# sig drop in barrel



## pacman (Jul 11, 2012)

Hello i am new here, have a question. back in the 90's I bought something For one of my sigs that i thought i had to have appearently didnt need it as bad as i thought because i was cleaning out my safe and found this barrel new still in package. I remember I bought it to convert my 229 to a 357sig. I was looking on the package and it says .40s&w barrel for sig 229. so my question is did they give me the wrong thing or does this work for the 357 sig? Thanks for your help.


----------



## chessail77 (Mar 15, 2011)

If it is marked .40 S&W then that is the caliber....JJ


----------



## pacman (Jul 11, 2012)

*.40 barrel*



chessail77 said:


> If it is marked .40 S&W then that is the caliber....JJ


I guess i should have been more clear. I know that is the caliber my question is will that work with the 357 sig also. I have had some conflicting info, some has said it would some has said no.


----------



## chessail77 (Mar 15, 2011)

It would require a .357 Sig barrel.......JJ


----------



## LefteeTris (Jul 1, 2012)

pacman said:


> I guess i should have been more clear. I know that is the caliber my question is will that work with the 357 sig also. I have had some conflicting info, some has said it would some has said no.

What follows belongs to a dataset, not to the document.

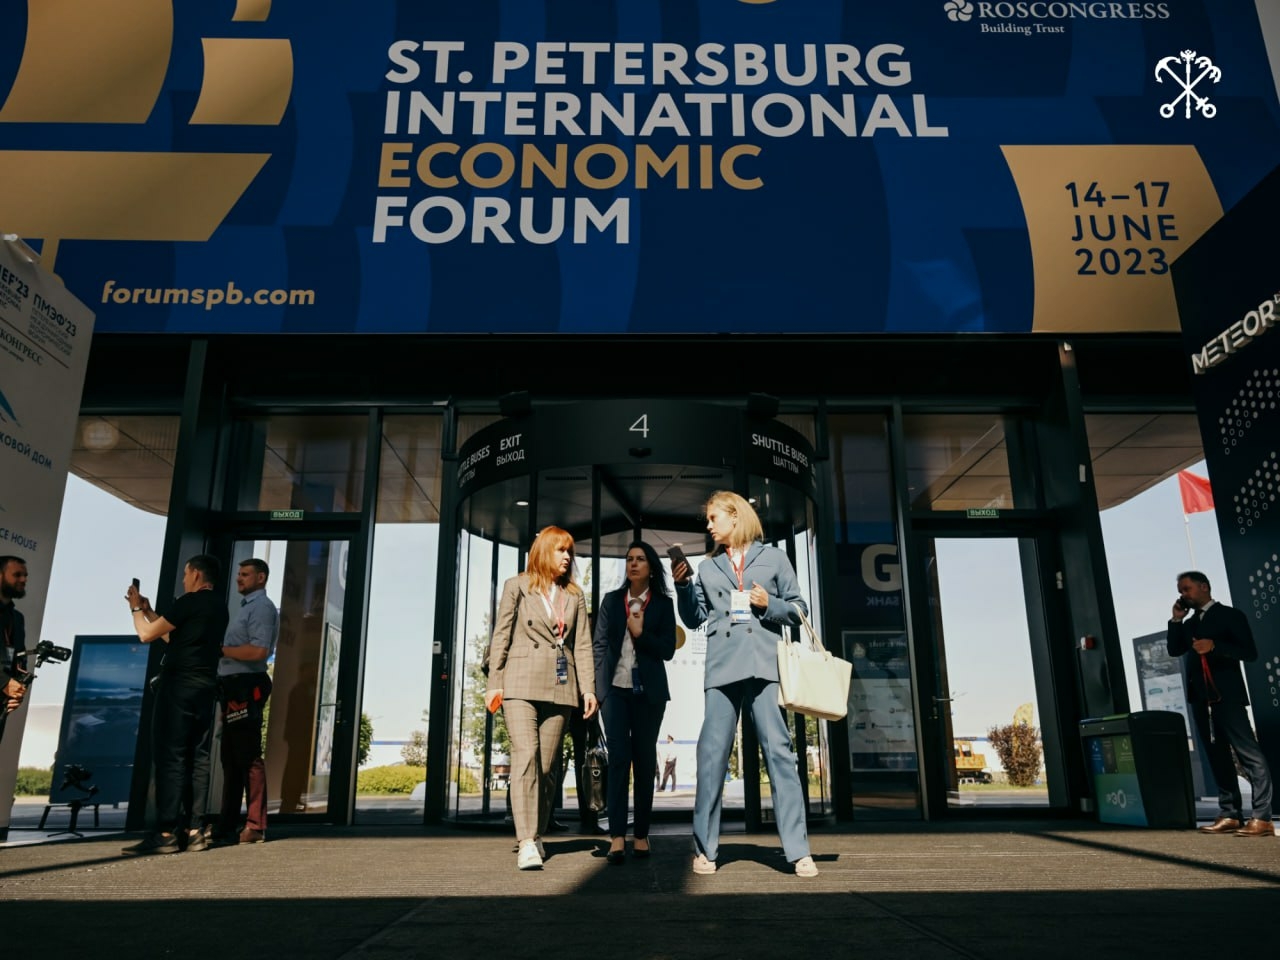 Делегация Ивановской области примет участие в Петербургском международном экономическом форуме

I have seen and shot a .357sig out of the .40sw barrel in a 229 and it was fine. (not my gun!) Since the bullets are so close everything functions proper. But they are CLOSE not perfect matches. It's extremely likely you can blow a hole in your hand if not worse by tryin this. You could get lucky (as I have) but it's far more likely you'll get hurt. Go to topgunsupply.com you can buy the .357 barrel and not hurt yourself!


----------



## LefteeTris (Jul 1, 2012)

Also buying the upper reciever and barrel to make it a .22 is awesome! So much $ saved on ammo and you can still get the thrill of shooting your favorite gun!


----------



## TomC (Sep 5, 2006)

I have two examples. I got a .357 SIG conversion slide and barrel for a 9mm 226, then got a .40 S&W barrel. The .40 barrel fit fine with no problems. I got a .357 SIG barrel for a .40 229 and the “drop in” barrel didn’t drop in. I had to carefully grind just a bit off the hood for it to fit. I fitted it and it shoots great, but it may or may not “drop in” for you.


----------